**Data block**
· · · ·
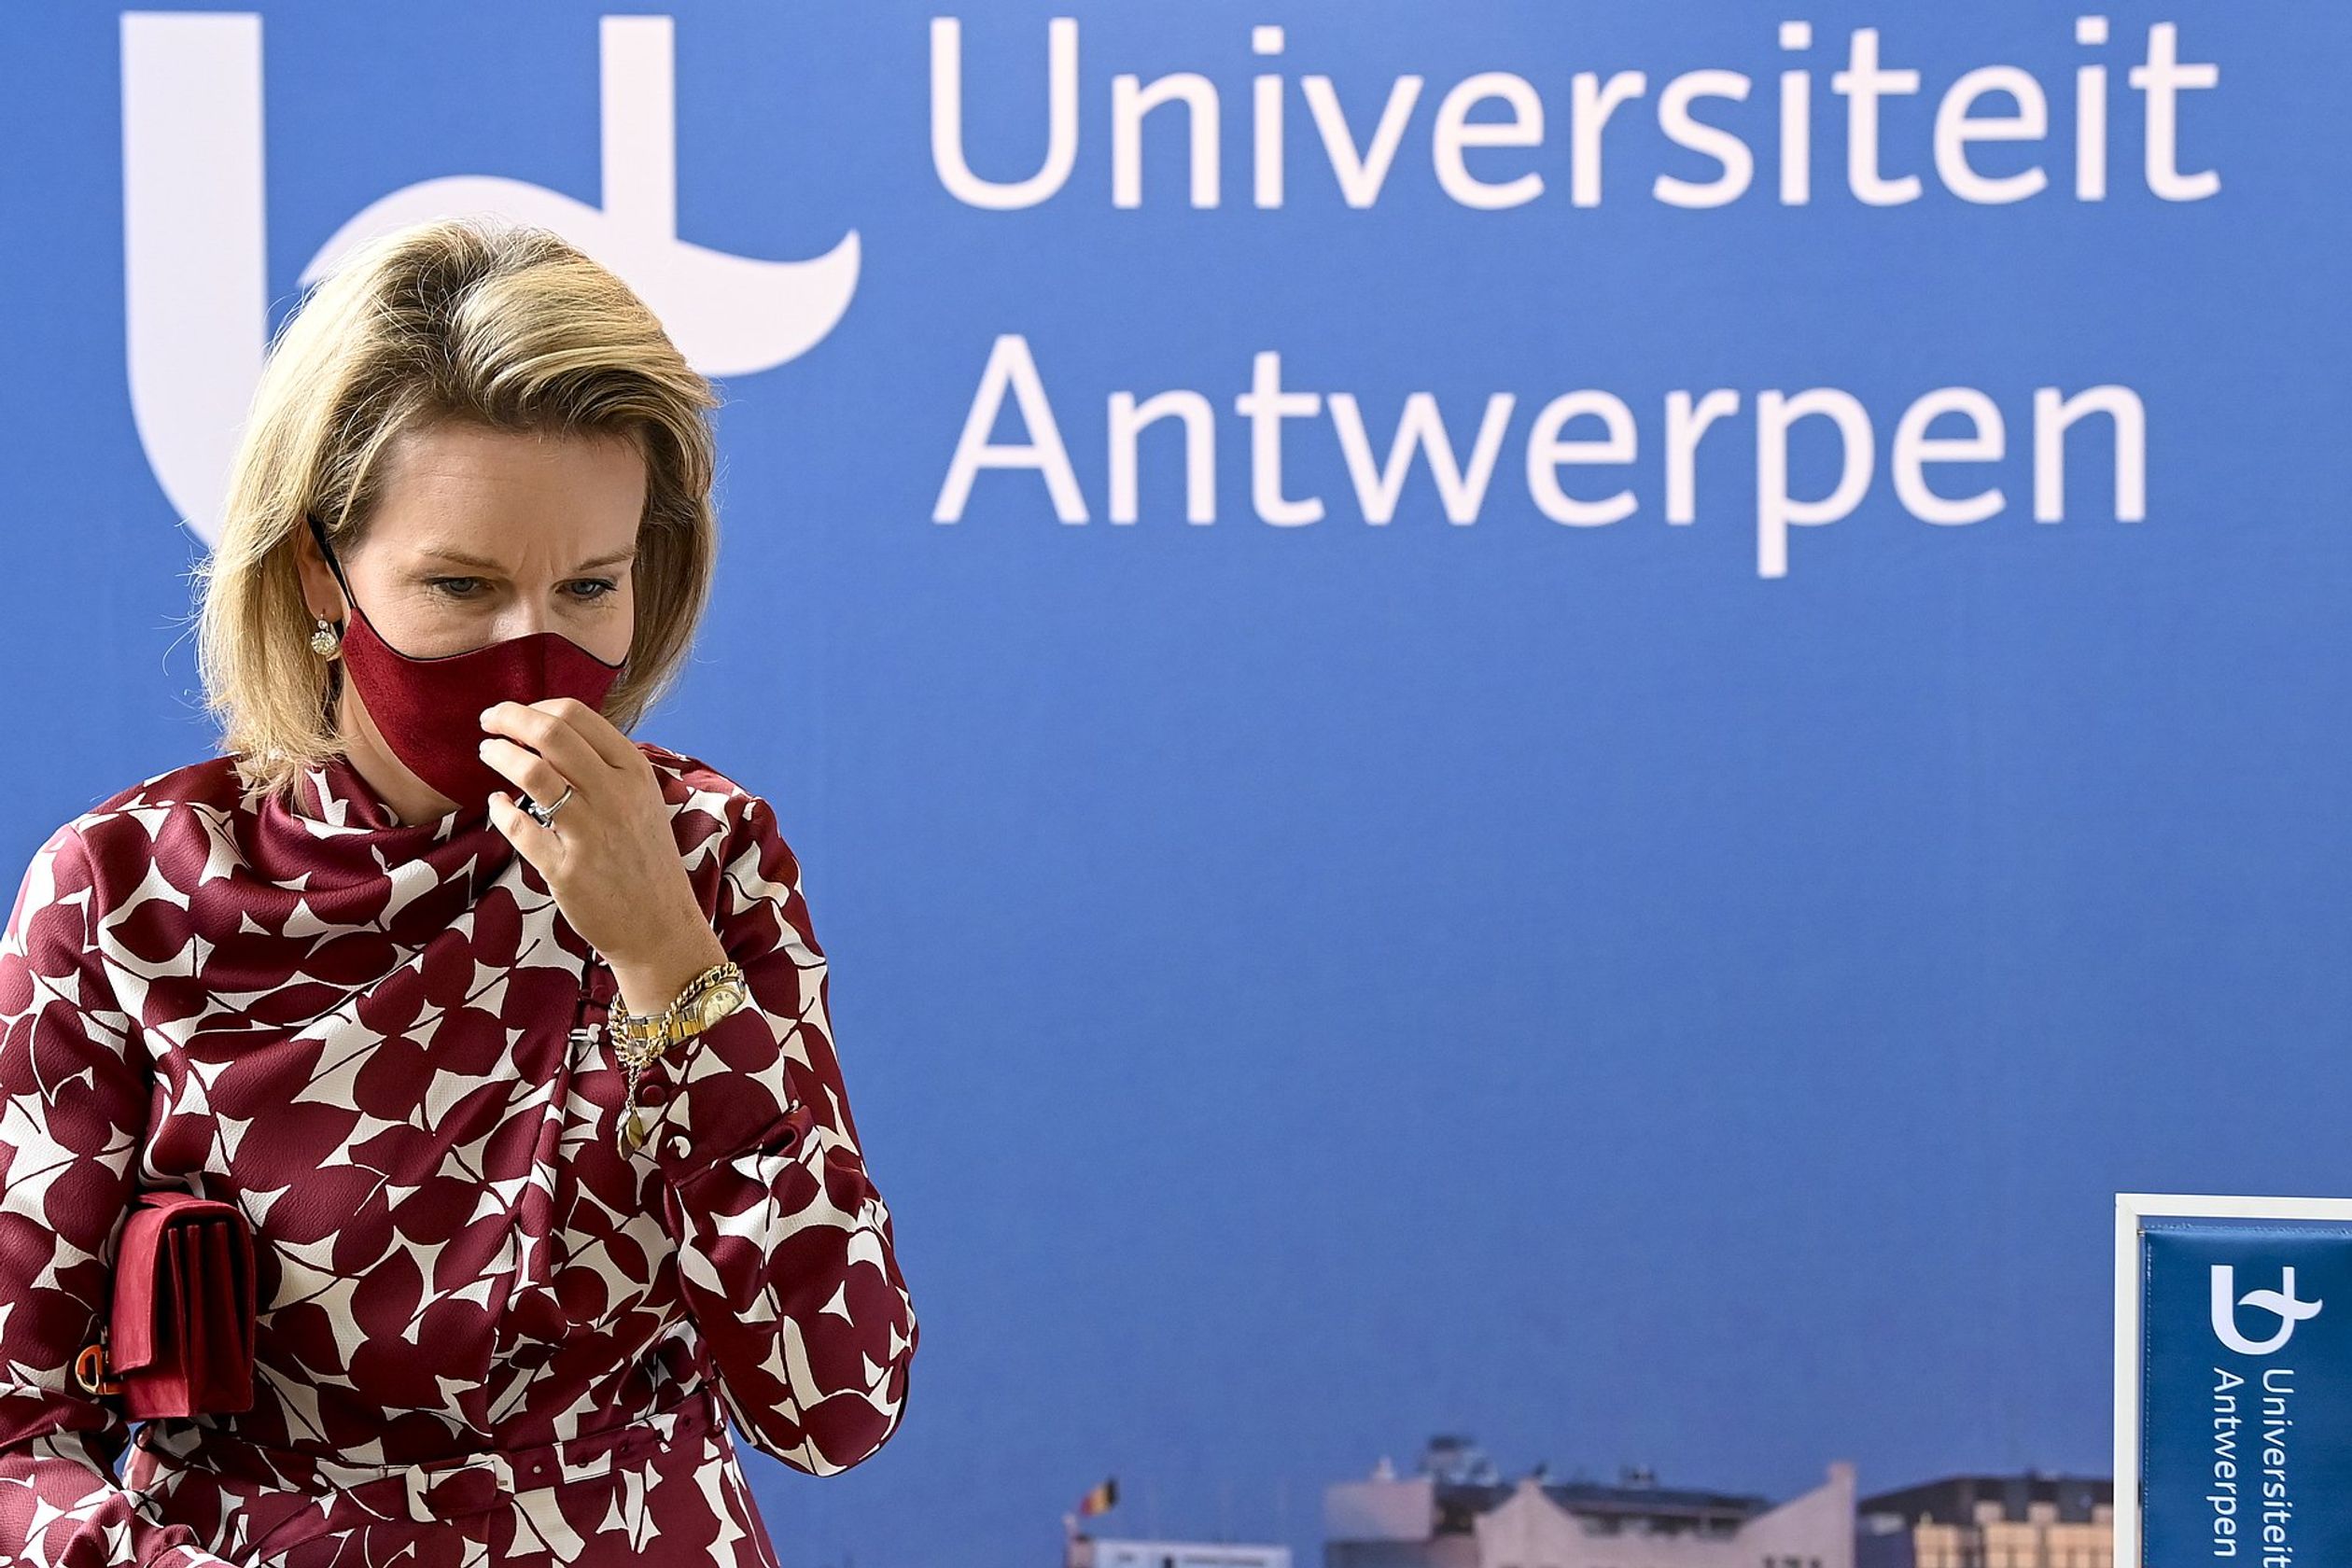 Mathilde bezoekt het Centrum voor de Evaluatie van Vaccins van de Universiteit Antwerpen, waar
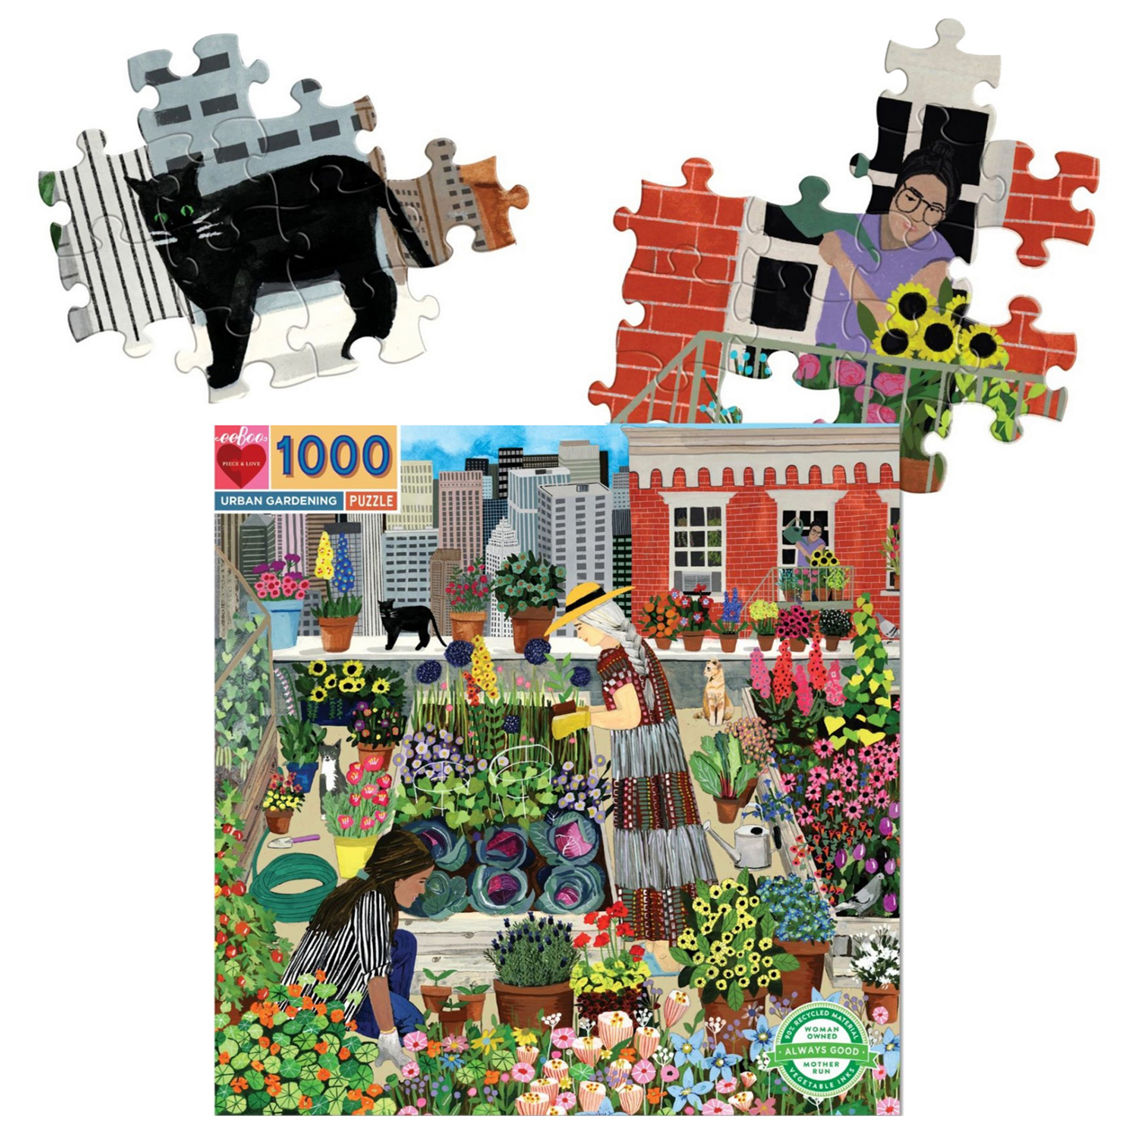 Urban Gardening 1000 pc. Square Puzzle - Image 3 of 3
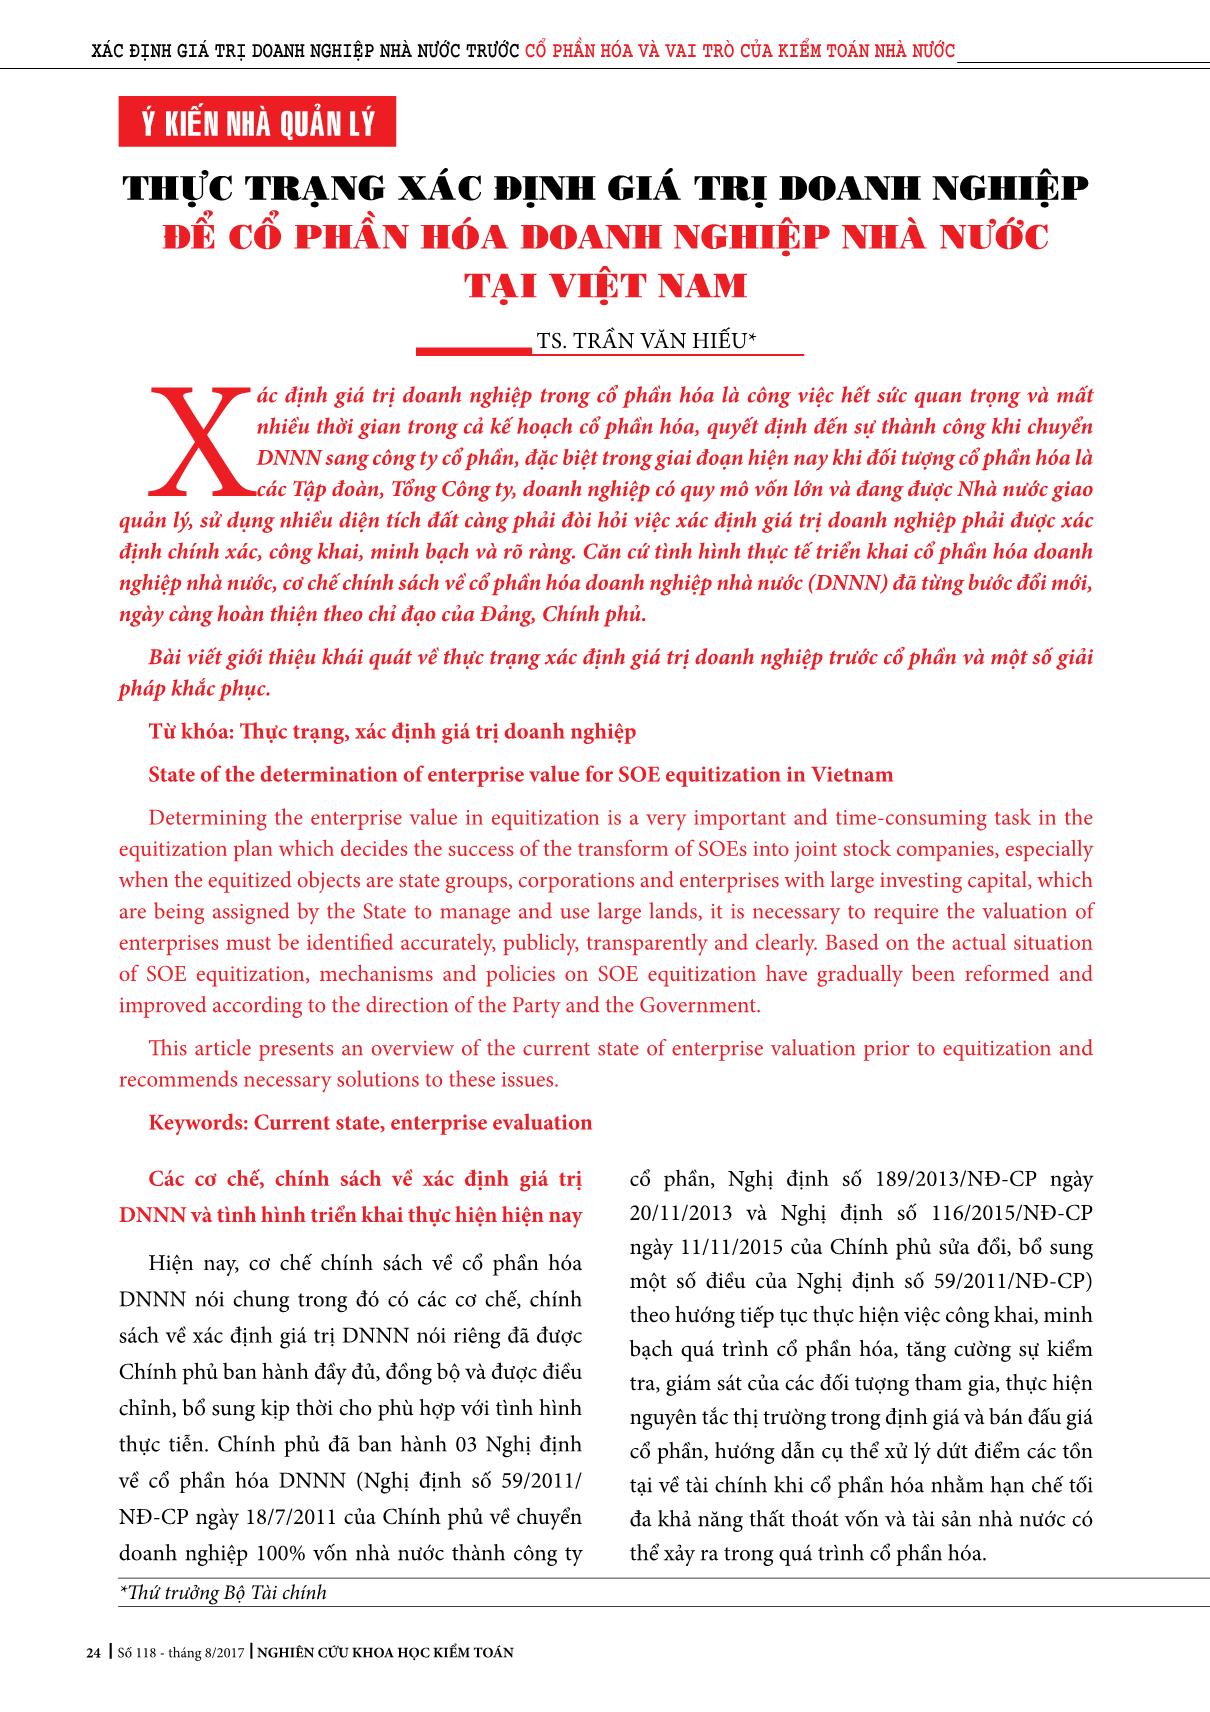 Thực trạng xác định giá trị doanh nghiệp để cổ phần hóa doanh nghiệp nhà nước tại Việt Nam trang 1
· · · ·
**Task prompt**
Write out the whole listing exactly. Pictures stay out.

**Result of the exercise**
 Mathilde bezoekt het Centrum voor de Evaluatie van Vaccins van de Universiteit Antwerpen, waar
 Urban Gardening 1000 pc. Square Puzzle - Image 3 of 3
 Thực trạng xác định giá trị doanh nghiệp để cổ phần hóa doanh nghiệp nhà nước tại Việt Nam trang 1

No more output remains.